You can use a class for this at the exact same place where you would have put the enum and get similar behaviour:

public final class STATE {
    public static final STATE MA;
    static {
        // SELECT desc, rating FROM myTable where name = 'MA' ... or what suits you
        ...
        MA = new STATE(myDesc, myRating);
    }
    ...
    private String desc;
    private int rating;
    private STATE (String description, int rating) {
        this.desc = description;
        this.rating = rating;
    }
    public String getDesc() {
        return desc;
    }
    ...
}

Because of the private constructor and because the class is final and only has getters you can only assign the predefined values to STATE. This means you can compare a STATE variable v just like that v == STATE.MA because they all use the same reference.

4 Comments

Enum does'nt make sense here
I'm unsure because I just don't like to use enums if they represent more than just an int, doesn't feel ituitive to me.
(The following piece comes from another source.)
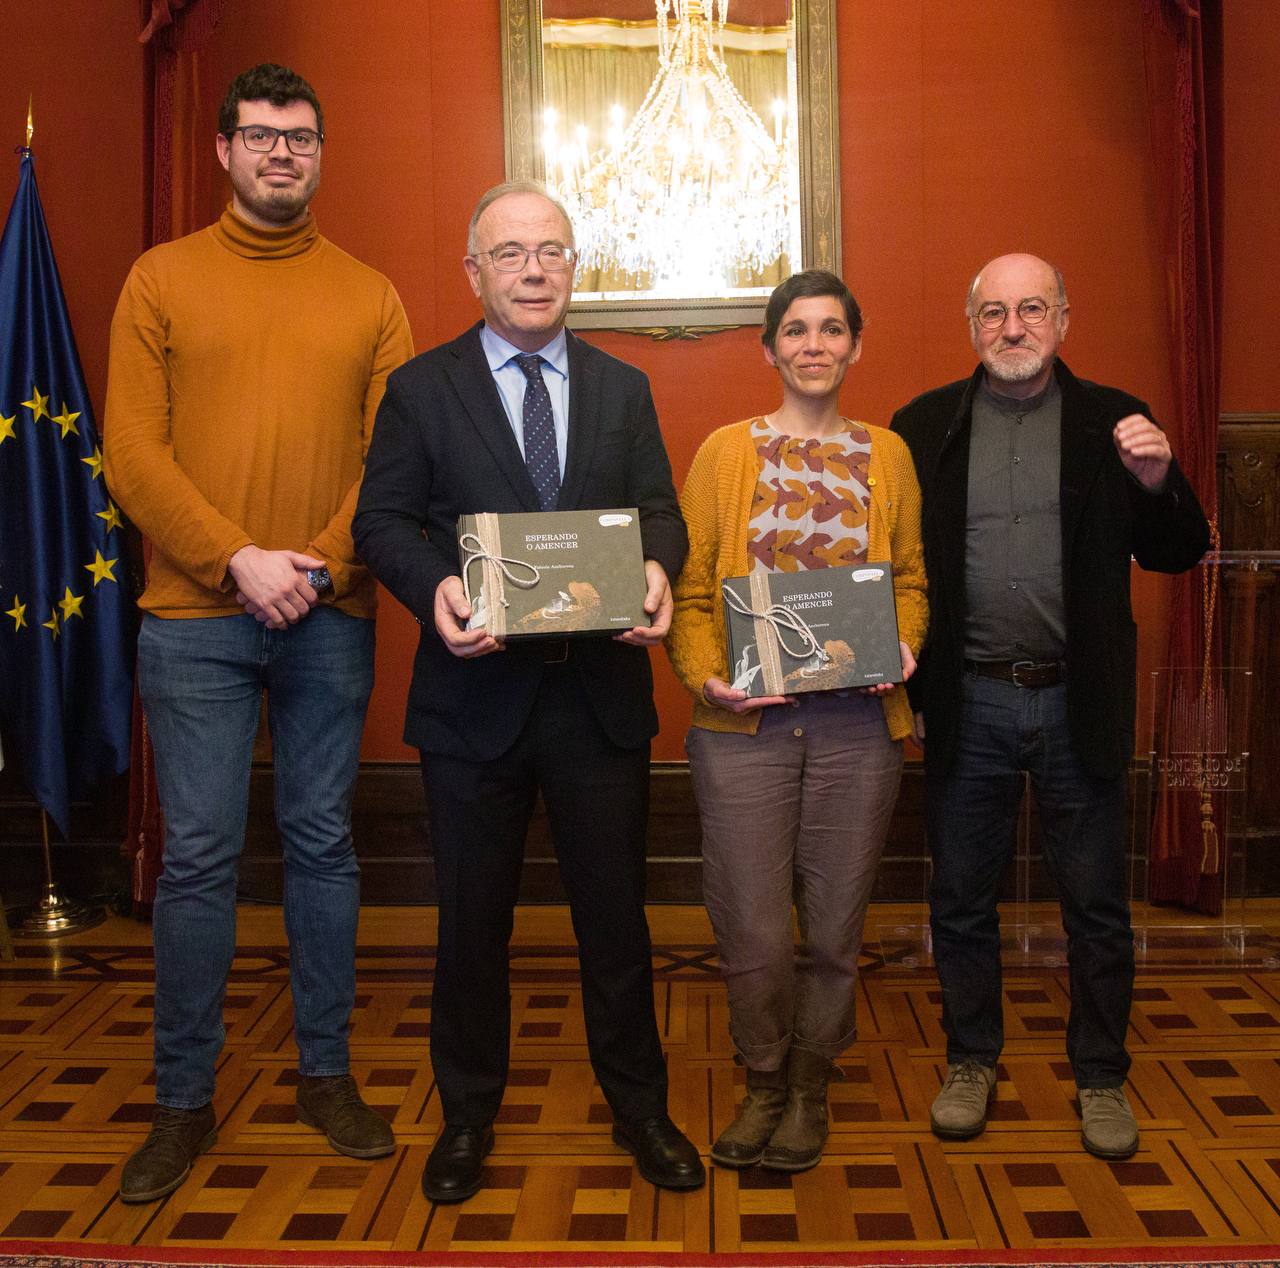 Fabiola Anchorena recollendo o XV premio Compostela para álbums ilustrados pola súa obra

Prefer a custom class or a Map then.
To be more precise, not even an int, in my opinion a value of an enum should just stand for the name of the value itself and the value behind it shouldn't even matter.
One example would be a general sort method which lets you specify the algorithm, so you could say SORT.QUICKSORT, SORT.MERGESORT and some others (SORT is a parameter of this method). As we can see the value behind QUICKSORT etc. doesn't matter, it is only needed to decide which algorithm to use. Here an enum would be a good choice.
1

If you have fixed names, but the "values" are loaded from the database, you can use an enum constructor:

public enum Data {
    A("a"), B("b"), C("c");

    SomeType someName;

    public Data(String s) {
        someName = MyDatabase.loadValue(s);
    }

    public SomeType getSomething() {
        return someName;
    }
}

The constructor is called at class initialization.

8 Comments

One possibly big limitation: this solution assumes that number of values read from DataBase is fixed.
Also how exactly we should call that constructor and pass to it proper values? Enum constructor is private.
@Pshemo It's the system that calles the constructors, at class init.
I was referring to "you can use an enum constructor" from your answer. Now after your comment it seems that by you you mean system. So how exactly can we set up system to call constructor with values from database?
@Pshemo By providing a custom constructor, that is - in turn - called by the system. Think of a static block. Note, the enum values has a pair of parenthesis. Please refer to the documentation.